Researcher William Peracchio plans to follow the 2026 FIFA World Cup closely with an eye on rare final scores, even though he is not a dedicated soccer fan. Peracchio works at the Massachusetts Institute of Technology and is pursuing degrees at both Harvard and Stamford, and he has created a World Cup Scorigami chart he calls World Cupigami.
The term Scorigami refers to a scoreline that has never occurred before. Sportswriter Jon Bois coined the word in 2014 to describe unique final scores in the NFL, noting there remained many unattained combinations — for example, 15-8 or 25-18 had not happened in NFL history.
The Scorigami idea has been applied beyond American football, and Peracchio said his World Cup project is “a fun little project.” The tournament’s expansion to 48 teams has increased the likelihood of either lopsided results or unusually high-scoring matches that could produce a Scorigami.
There was a near miss early in the tournament when Germany beat debutants Curaçao 7-1. An 8-1 victory has never occurred at the World Cup, so when Germany forward Kai Havertz scored his side’s seventh in the 88th minute there was a brief chance of a historic scoreline, but a final eighth goal did not arrive.
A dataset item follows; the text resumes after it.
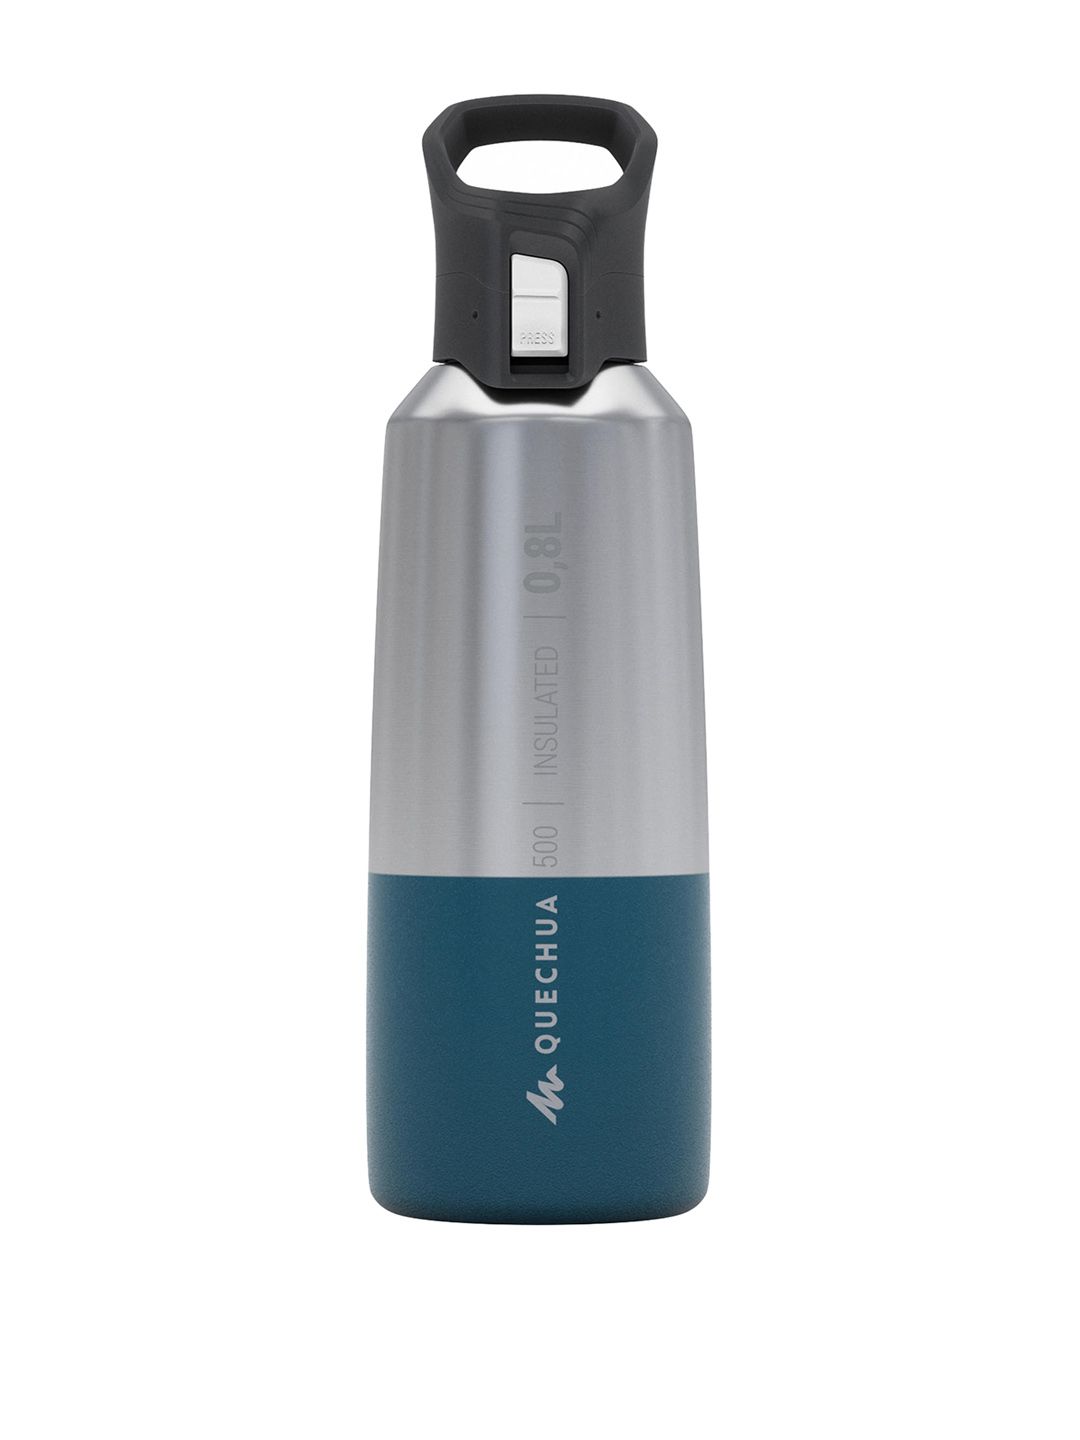 Quechua By Decathlon Blue Insulated Stainless Steel Hiking Flask MH500 0.8L Price in India

Possible one-sided Scorigami scorelines still in play include 8-2, 10-0 and 9-1, though not all large margins would be unique; 8-3 has occurred (Hungary vs. Germany, 1954) and 10-1 happened in 1982 (Hungary vs. El Salvador). Alternatively, an end-to-end, high-scoring result could produce a first-time score — a 5-4 win or a 5-5 draw have never happened at the World Cup, while 6-5 (Brazil vs. Poland, 1938) and 7-5 (Austria vs. Switzerland, 1954) have.
Scorigamis are rare at the World Cup. A unique scoreline did not occur for 40 years until England’s 6-2 win over Iran in 2022; the prior instance was Hungary’s 10-1 win over El Salvador in 1982. The most common World Cup result remains 1-0, which has happened 183 times, followed by 2-1 (153 occurrences) and 2-0 (113 occurrences).